This article provides life cycle inventory data for electricity distribution networks and a life cycle assessment (LCA) of the Danish transmission and distribution networks. The aim of the study was to evaluate the potential importance of environmental impacts associated with distribution, in current and future electricity systems.


The functional unit was delivery of 1 kWh of electricity in Denmark. The focus of the assessment was distribution of electricity, and the related impacts were compared to the generation and transmission of electricity, in order to evaluate the importance of electricity distribution in Denmark. The 2010 Danish electricity distribution network was modeled, including power lines (50, 10, 0.4 kV), transformers (50/10 and 10/0.4 kV), and relevant auxiliary infrastructure (e.g., cable ditches, poles, and substations). Two types of 50 kV power lines (underground and overhead) and 0.4 kV (copper and aluminum) were modeled.

Results and discussion

Electricity transmission and distribution provided nonnegligible impacts, related mainly to power losses. Impacts from electricity distribution were larger than those from transmission because of higher losses and higher complexity and material consumption. Infrastructure provided important contributions to metal depletion and freshwater eutrophication (copper and aluminum for manufacturing of the cables and associated recycling being the most important). Underground 50-kV lines had larger impacts than overhead lines, and 0.4-kV aluminum lines had lower impacts than comparable copper lines.
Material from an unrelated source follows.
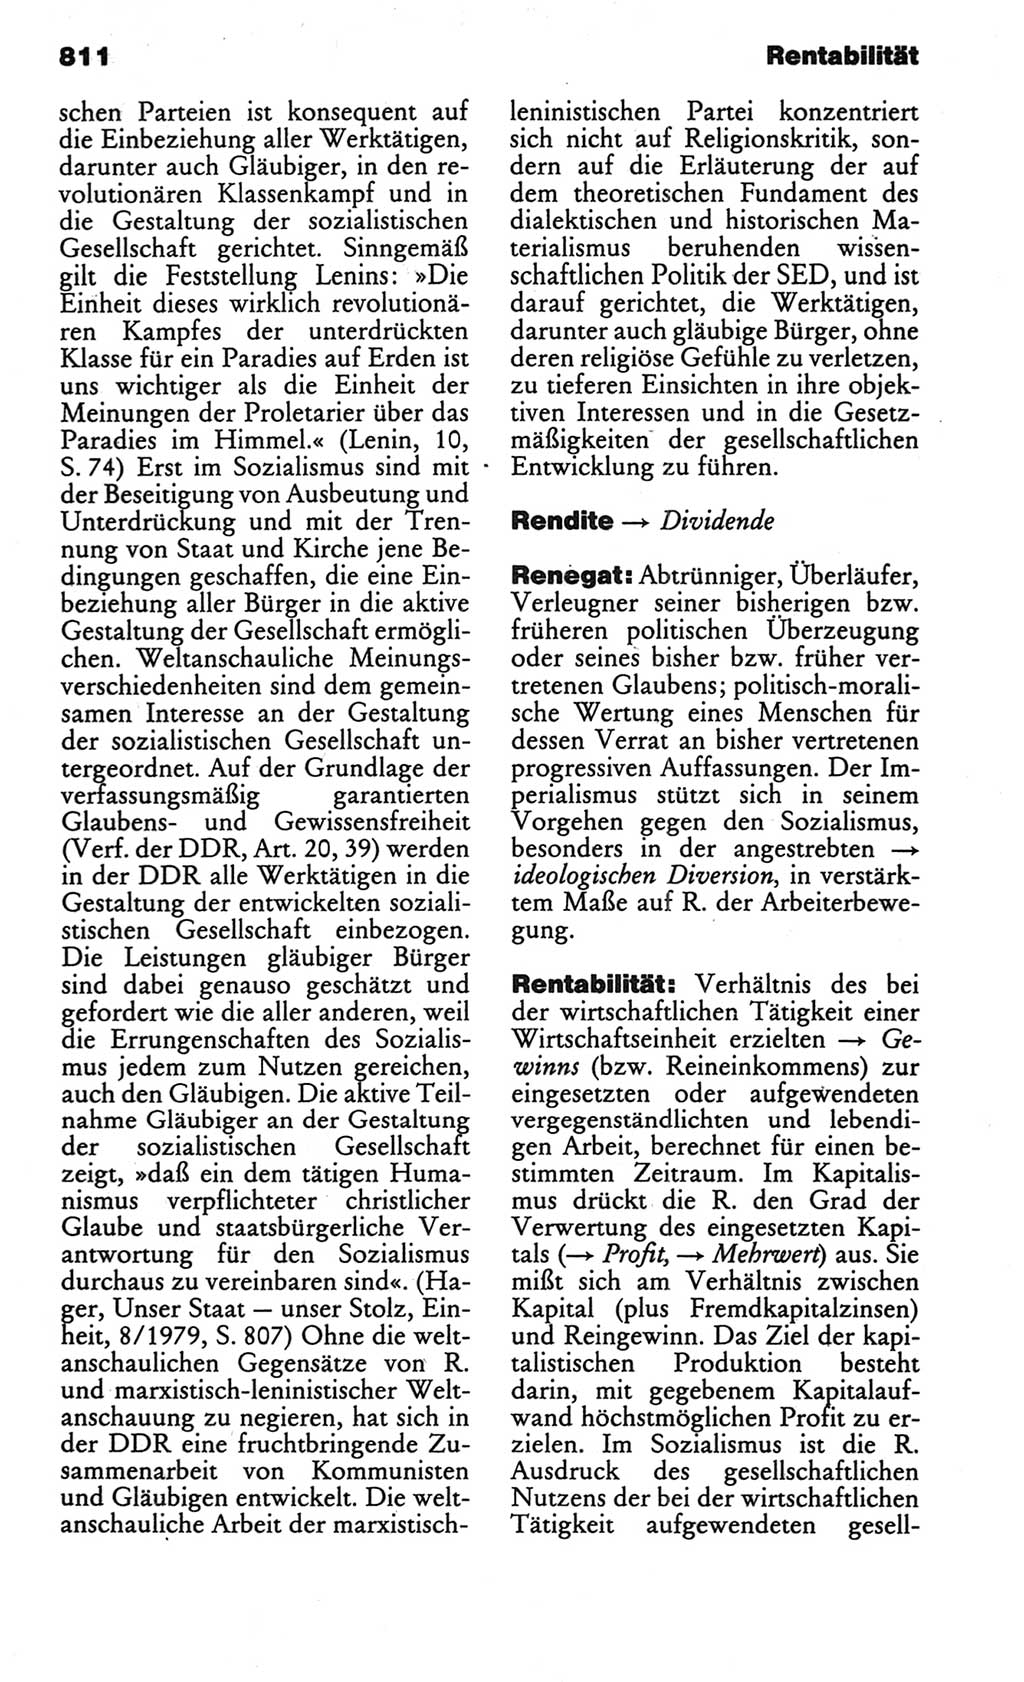 Kleines politisches Wörterbuch [Deutsche Demokratische Republik (DDR)] 1986, Seite 811 (Kl. pol. Wb. DDR 1986, S. 811)

A new specific dataset for infrastructure in the distribution network was provided and used to evaluate the role of electricity distribution in Denmark. Both transmission and distribution provided nonnegligible impacts. It was argued that the impacts from electricity distribution are likely to increase in the future, owing to more renewables and decentralized electricity generation, and that impacts from infrastructure may become significant compared to electricity generation itself. It was recommended that impacts from electricity distribution and related infrastructure are included in relevant LCA studies. The data provided here make this possible.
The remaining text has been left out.